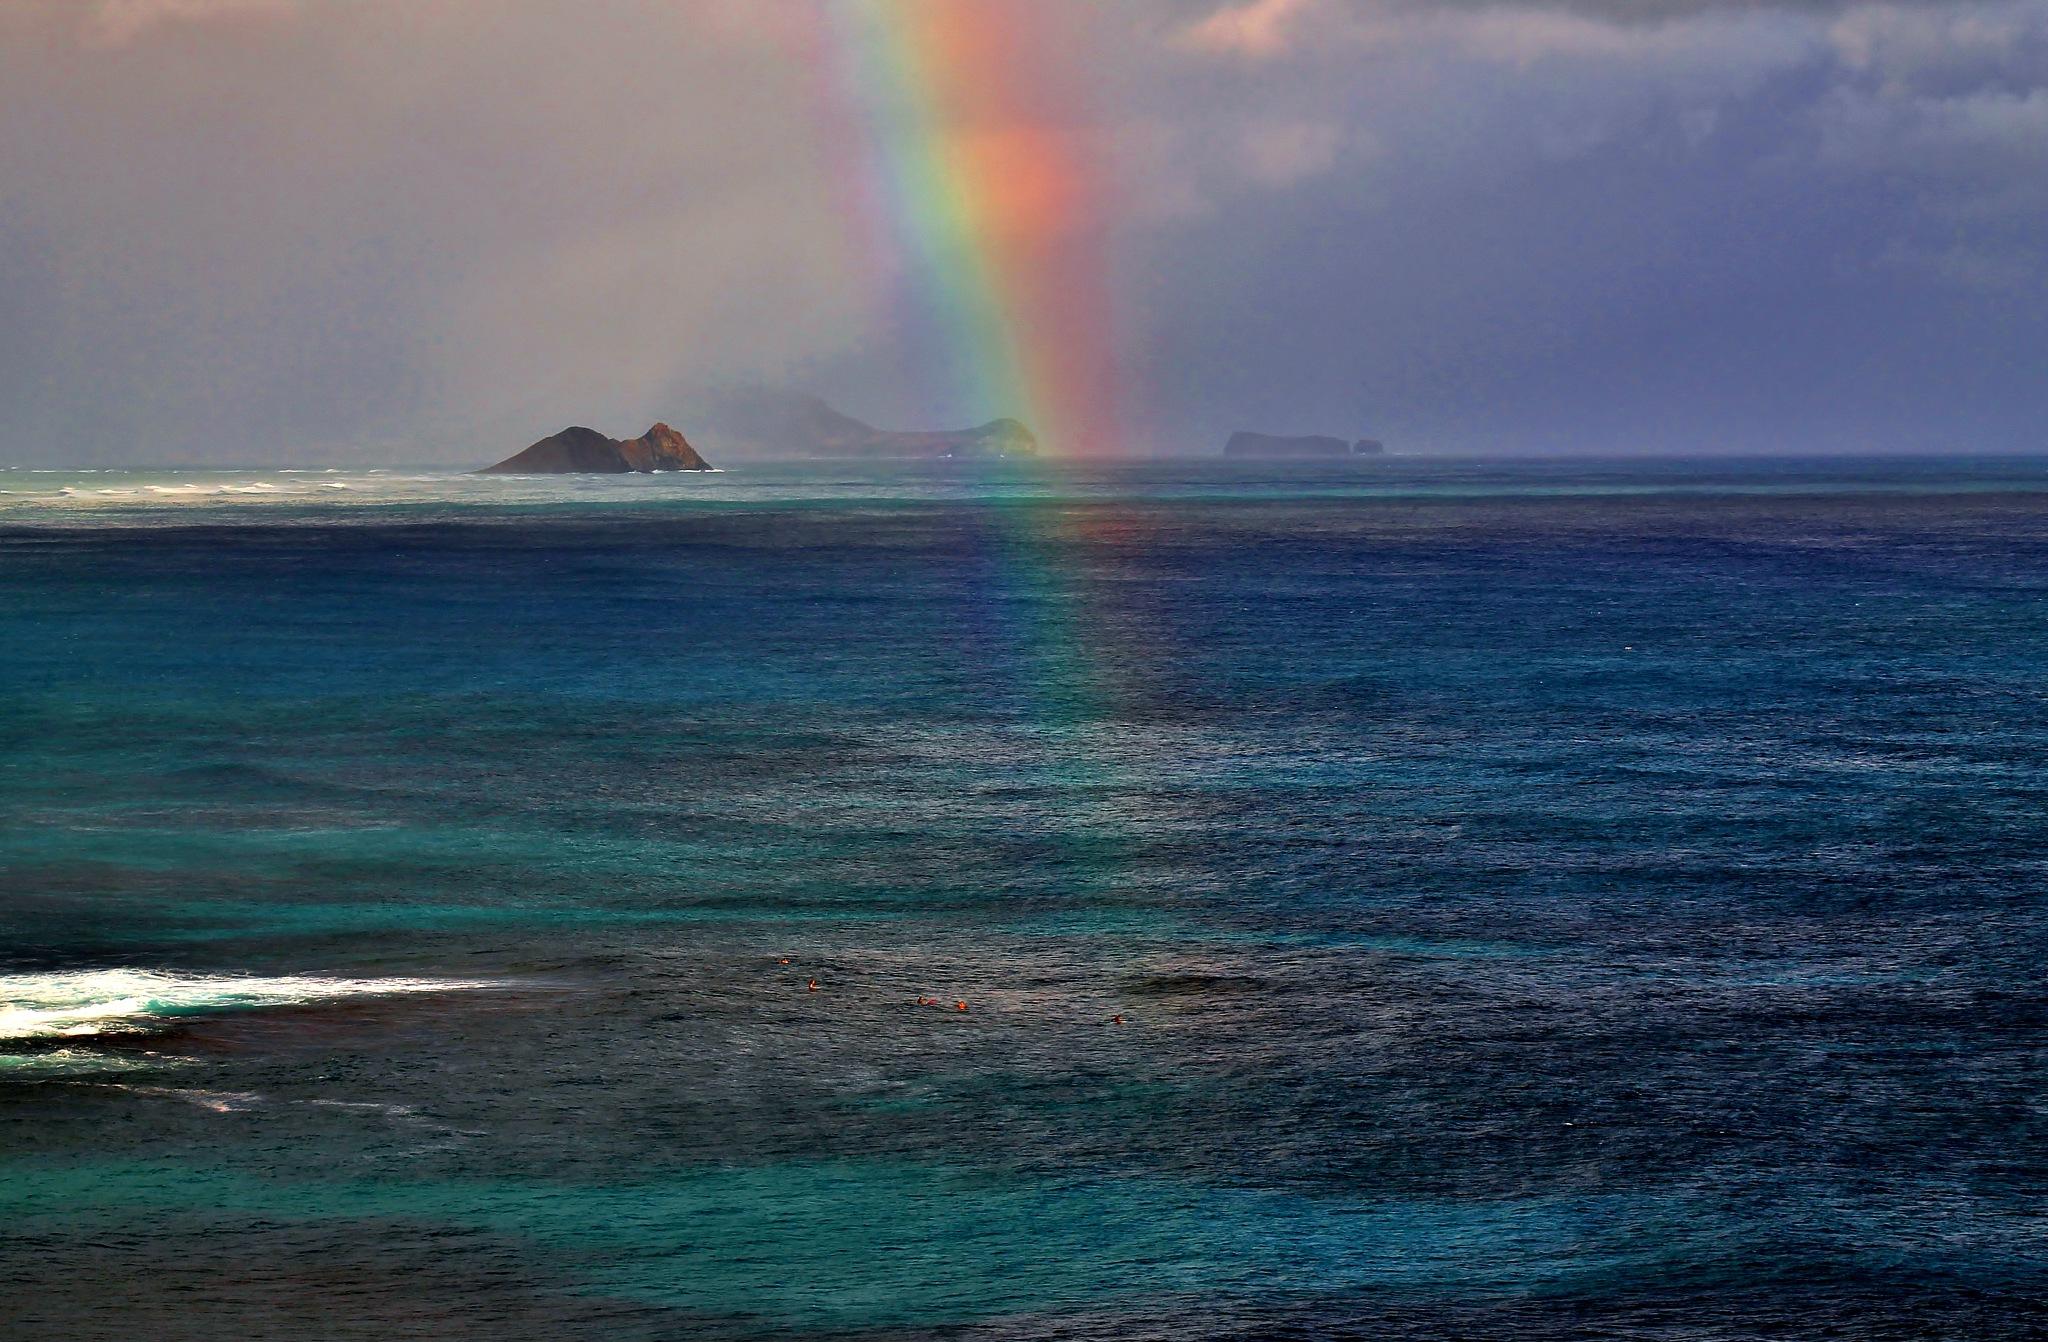 Rainbow in Paradise by yehaa_2001
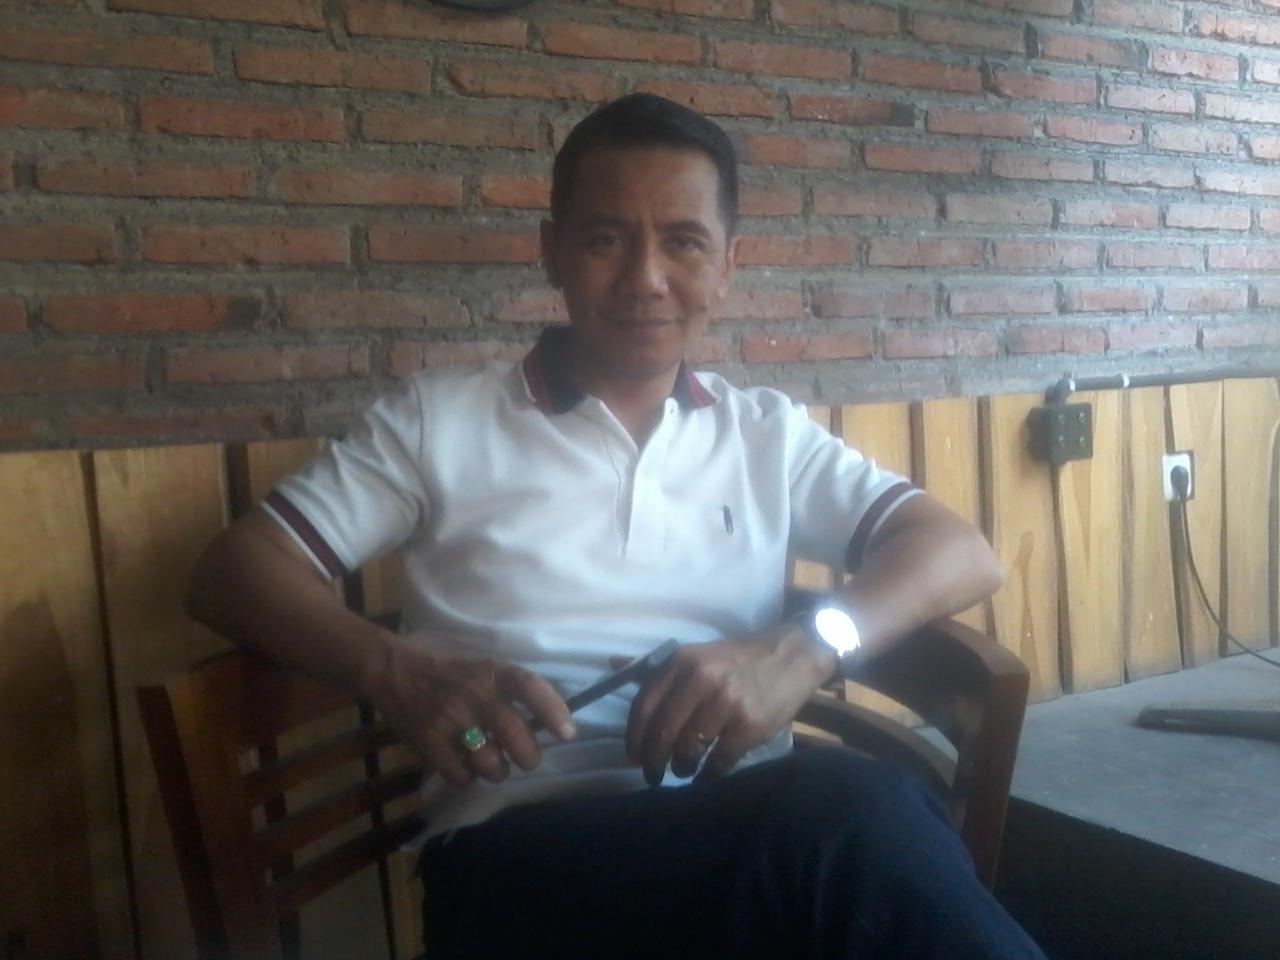 Santer Kabar Pemilik Pabrik King Beton Dimintai Maaf Oleh  3 Orang Perwakilan PT. MRS
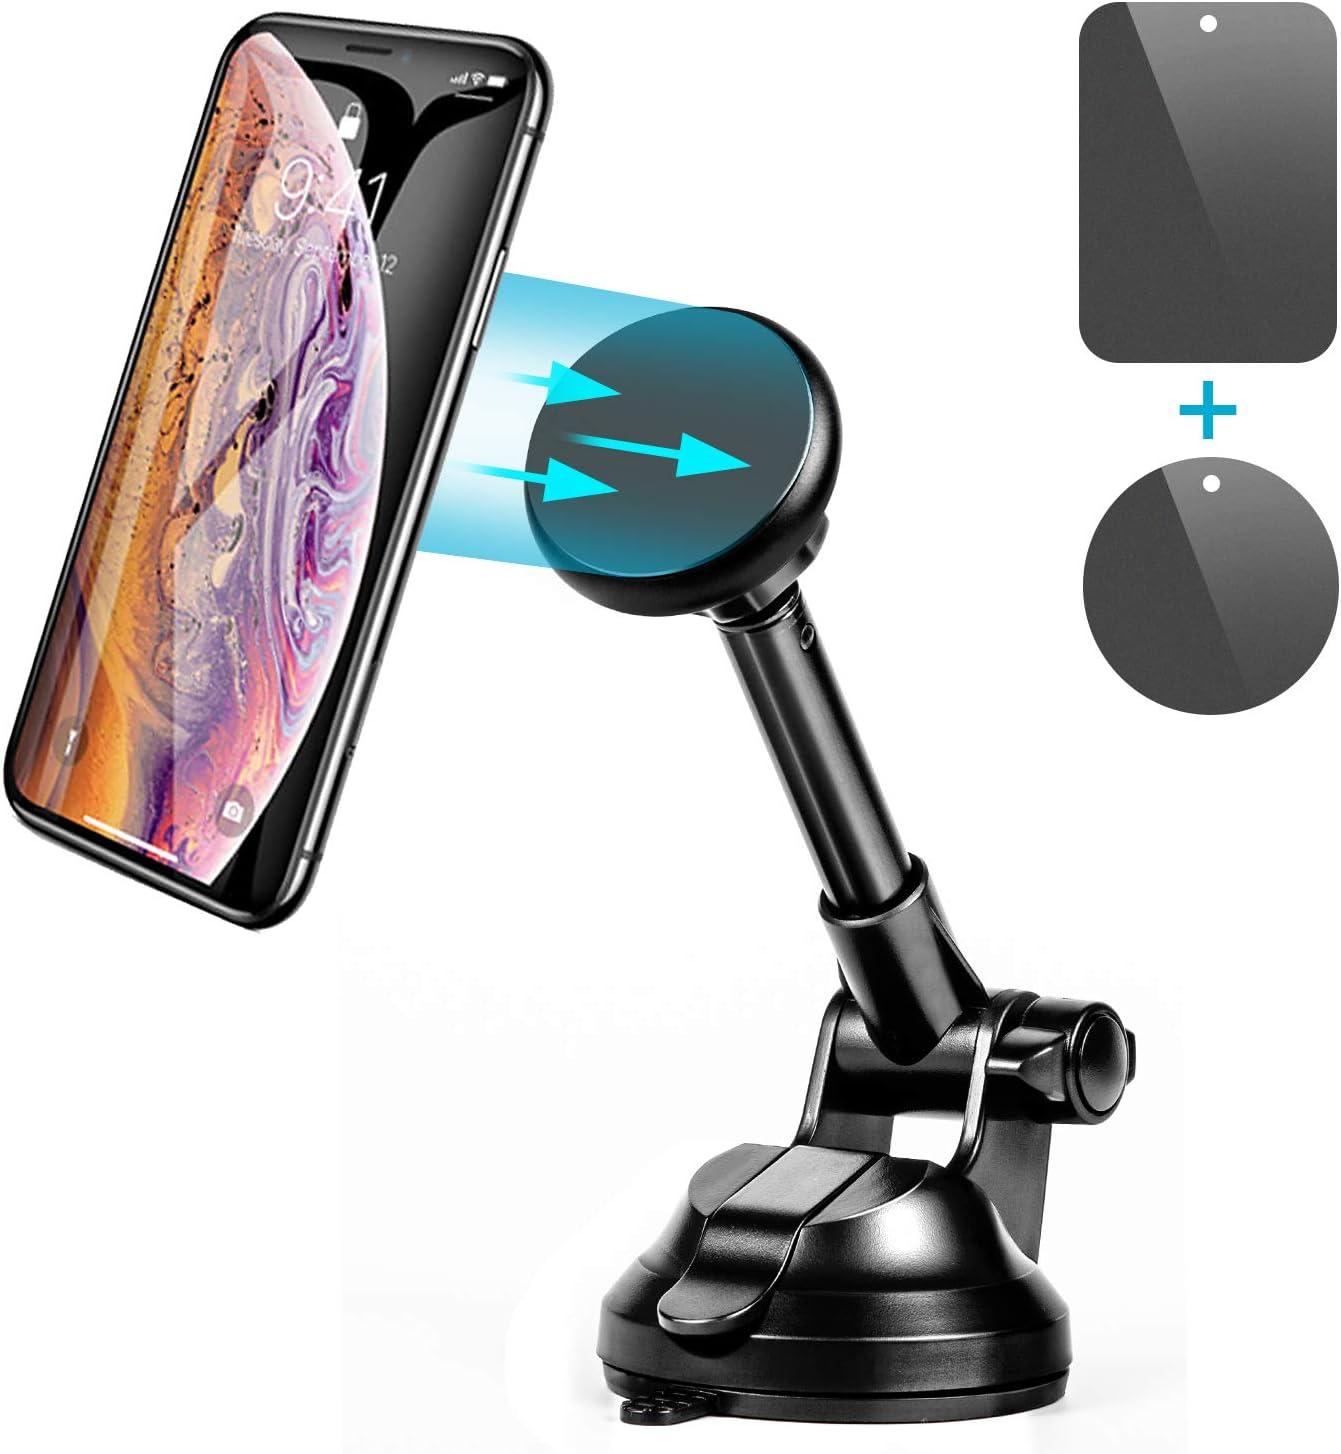 Car Phone Mount Cell Phone Holder Magnet Phone Holder for Car Dashboard Desk Stand for Smartphones Retractable Magnetic Car Mount

┄┄┄┄┄┄┄┄┄┄┄┄┄┄┄┄┄┄┄┄

How to complete this task:
Please reproduce the material above word for word, without its images.

Response to the task:
 Rainbow in Paradise by yehaa_2001
 Santer Kabar Pemilik Pabrik King Beton Dimintai Maaf Oleh  3 Orang Perwakilan PT. MRS
 Car Phone Mount Cell Phone Holder Magnet Phone Holder for Car Dashboard Desk Stand for Smartphones Retractable Magnetic Car Mount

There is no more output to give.